As astronauts head toward the moon for the first time in decades, engineers and scientists at Georgia Tech are viewing on with excitement.
The current Artemis II mission is set to take four astronauts around the moon.
The previous Artemis mission in 2022 was unmanned, but researchers from Georgia Tech contributed to it. With this mission, Georgia Tech grads are involved, including people who lead teams that worked on the launch and will recover the crew and the spacecraft from the Pacific Ocean when they return to Earth.
Retired NASA astronaut Colonel Shane Kimbrough, an Atlanta native with a master’s from Georgia Tech, stated that’s a neat thing about the school: There are 14 astronauts among its alumni, but many more are working in space exploration.
“It’s cool to have astronauts right, but there’s hundreds of Tech people working in the space business and the space indusattempt,” he stated at a conference on campus on Thursday. “I can go around the globe and go into mission control in Europe or in Houston and see little GT stickers on the console or on somebody’s laptop.”
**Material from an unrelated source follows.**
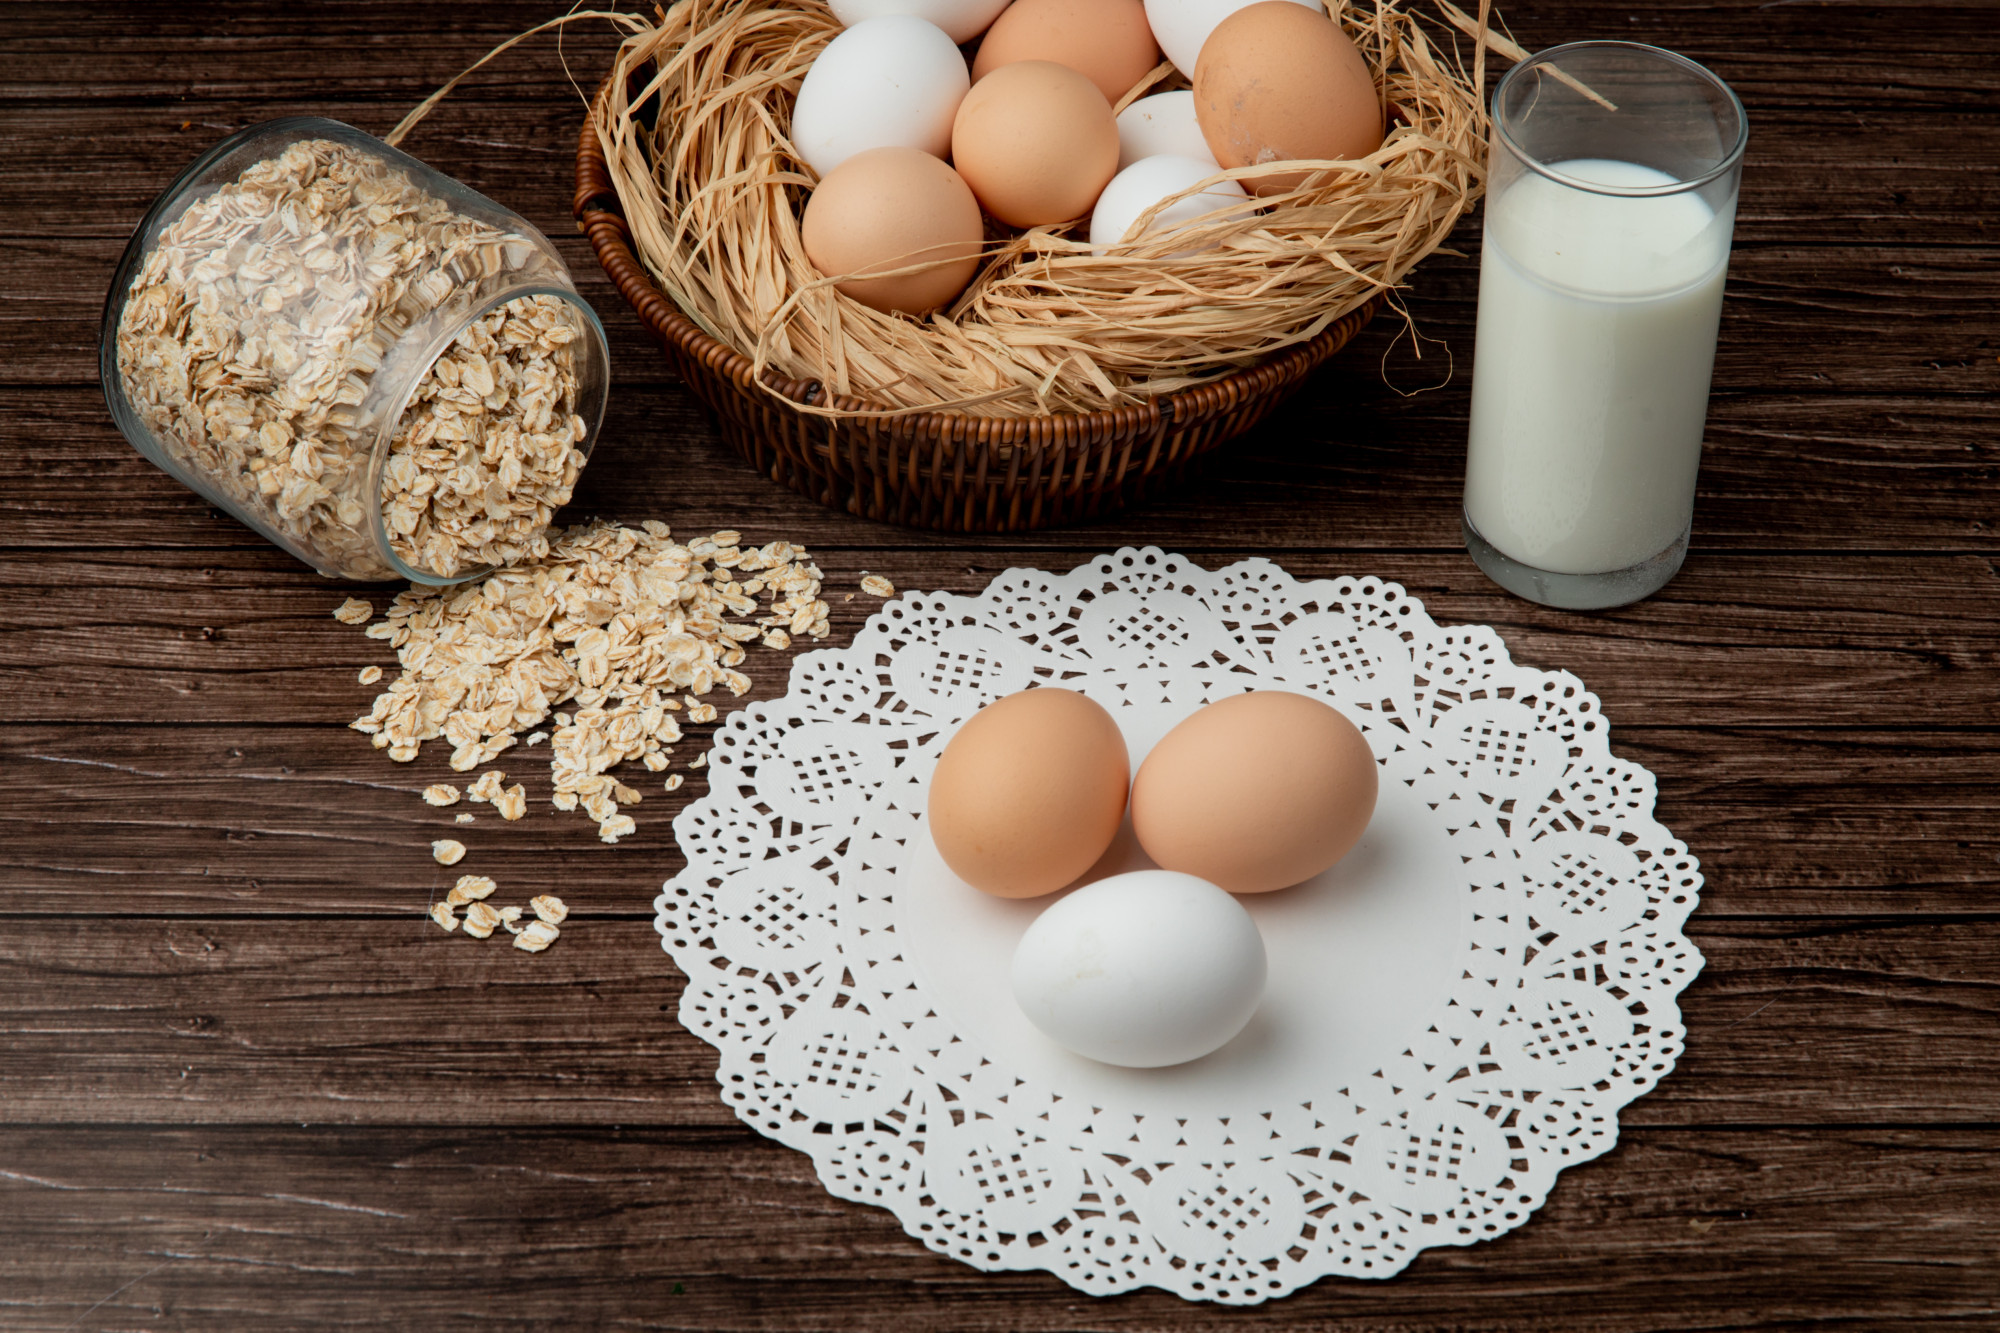 Side view of eggs on paper doily with oat flakes spilling out of jar and milk on wooden background

Kimbrough came to Atlanta straight from watching the Artemis II launch at the Kennedy Space Center in Florida.
Last year, Georgia Tech created its Space Research Institute to pull toobtainher faculty, staff and students who work on space from different areas, including engineering, science and business.
Georgia Tech aerospace engineering professor Glenn Lightsey informed the conference attfinishees he’s viewing forward to more collaboration.
“We, Georgia Tech, want to be a teammate at least on the missions going to the moon, going to Mars, going to the ocean worlds and see what’s there,” he stated. “To view into deep space and see other galaxies. What is in these black holes, where do they come from, what does it mean for our place in the universe?”
The Artemis II team gave the go-ahead Thursday afternoon for the Orion spacecraft to fire its engines and leave Earth’s orbit Thursday evening for its trip around the moon.
The craft has been in orbit since Wednesday evening. The crew worked through a problem with their toilet early in the mission. Mission Control woke the astronauts up on Thursday by playing “Green Light” by John Legfinish featuring André 3000.